# lunker lures



## sporty (Nov 9, 2007)

:?: :?: Has anyone tried the lunker lure spinner .
I have seen them being used on a fishing show . The spinners look and act differently then others . The one I saw was yellow.
I have checked Bass pro and Cabelas they don't carry them .
Any info regarding as to use or a supplier would be appreciated.
( an 800 number would be appreciated )
thanks


----------



## Jim (Nov 9, 2007)

Here you go my friend.

The 1-800 number is on the upper right corner!

https://www.lunkerlure.com/new/index.html


----------



## sporty (Nov 9, 2007)

Thank you , I appreciate it . Now for some reviews :?: :?:


----------



## sporty (Nov 15, 2007)

OK !!! I had to order a few , Always dreaming of the ultimate lure/method.
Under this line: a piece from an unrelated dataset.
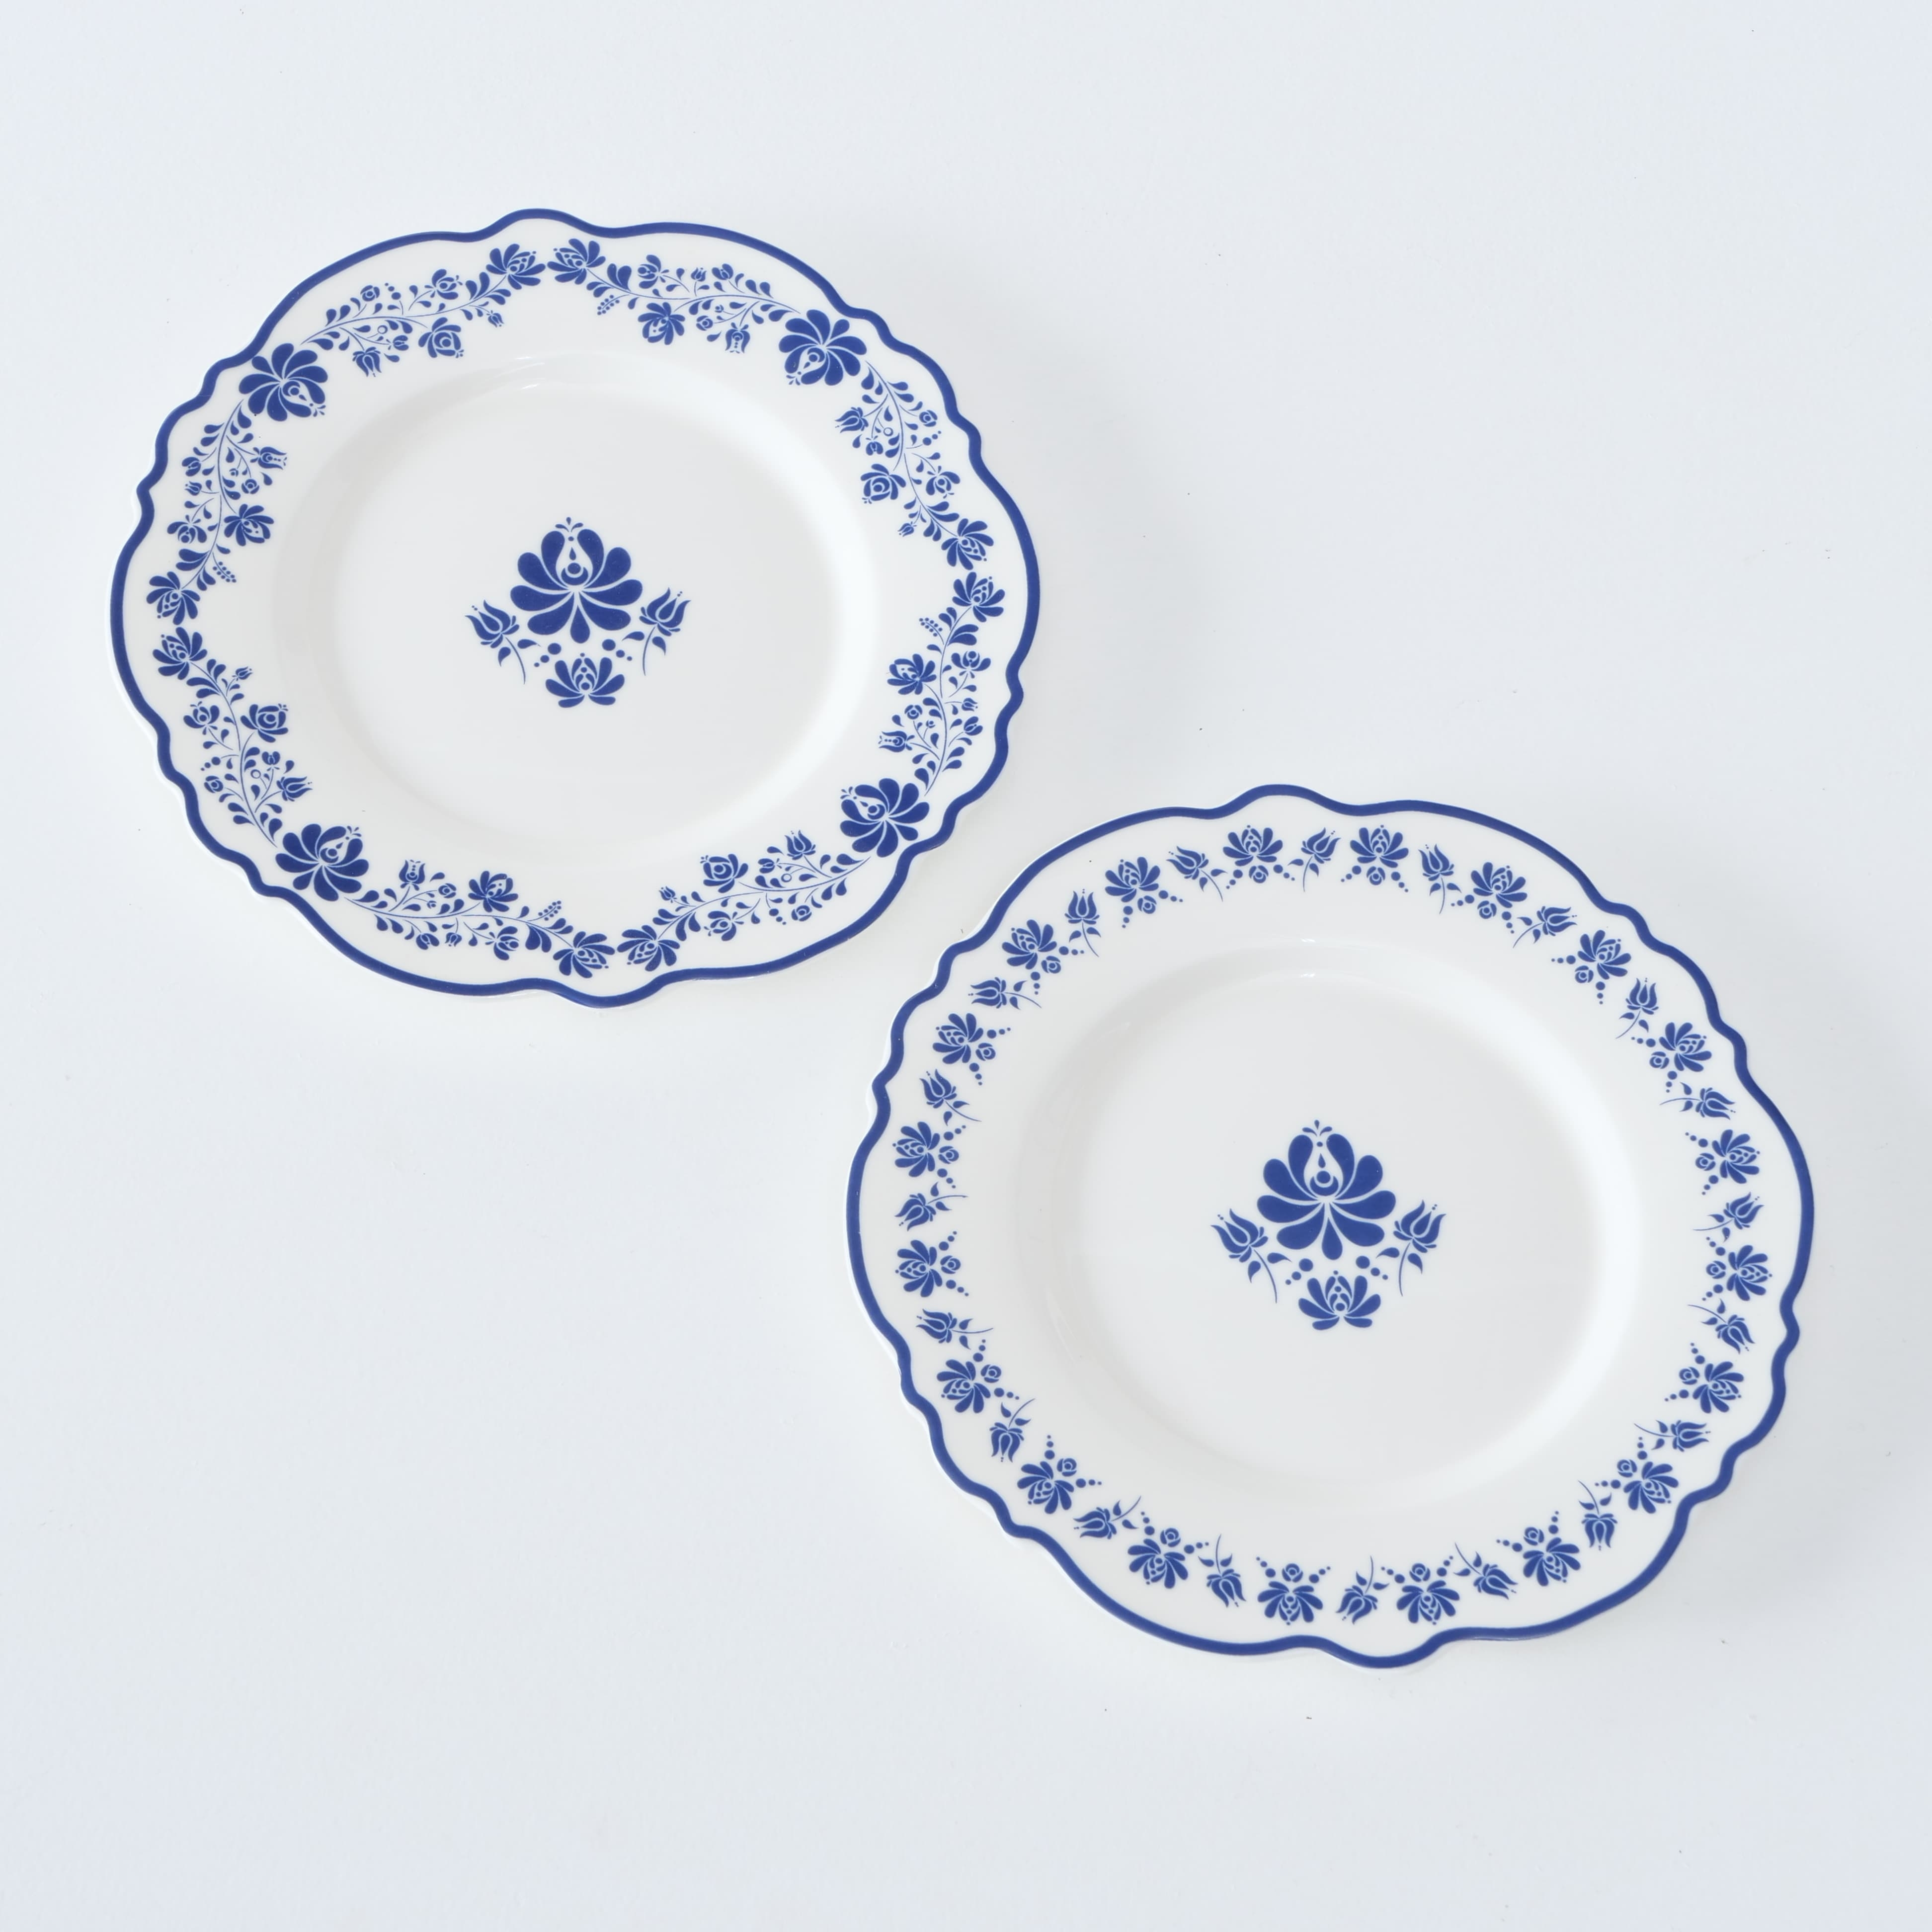 Farfurie intinsa din ceramica Megan Alb / Albastru, Modele Asortate, 19 cm imagine

Good thing I have a truck to carry all my tackle :lol: 

Let you know later ( next summer ) as to their appeal.


----------



## redbug (Nov 15, 2007)

Sporty, 
don't waste your money on them, just forward the box straight to me 
I will dispose of them in the proper way catching hawg bass !!

I own a cabin in so.ILL that is only about 10 miles from their factory and I have been using the lunker lure products for years.
The only jig I use is the lunkerlure ultimate rattlin jig. 
good luck with your new lures and remember if you don't want them I'm first!!

Wayne


----------



## sporty (Nov 15, 2007)

:lol: :lol: :lol: Thanks for the reply . I glad that you said to forward them to you rather than saying forward them the garbage bin.
They look very interesting and I wish to target pike. An eye or two would be nice !! They are ordered and payed for >>>
Have a good one 8)


----------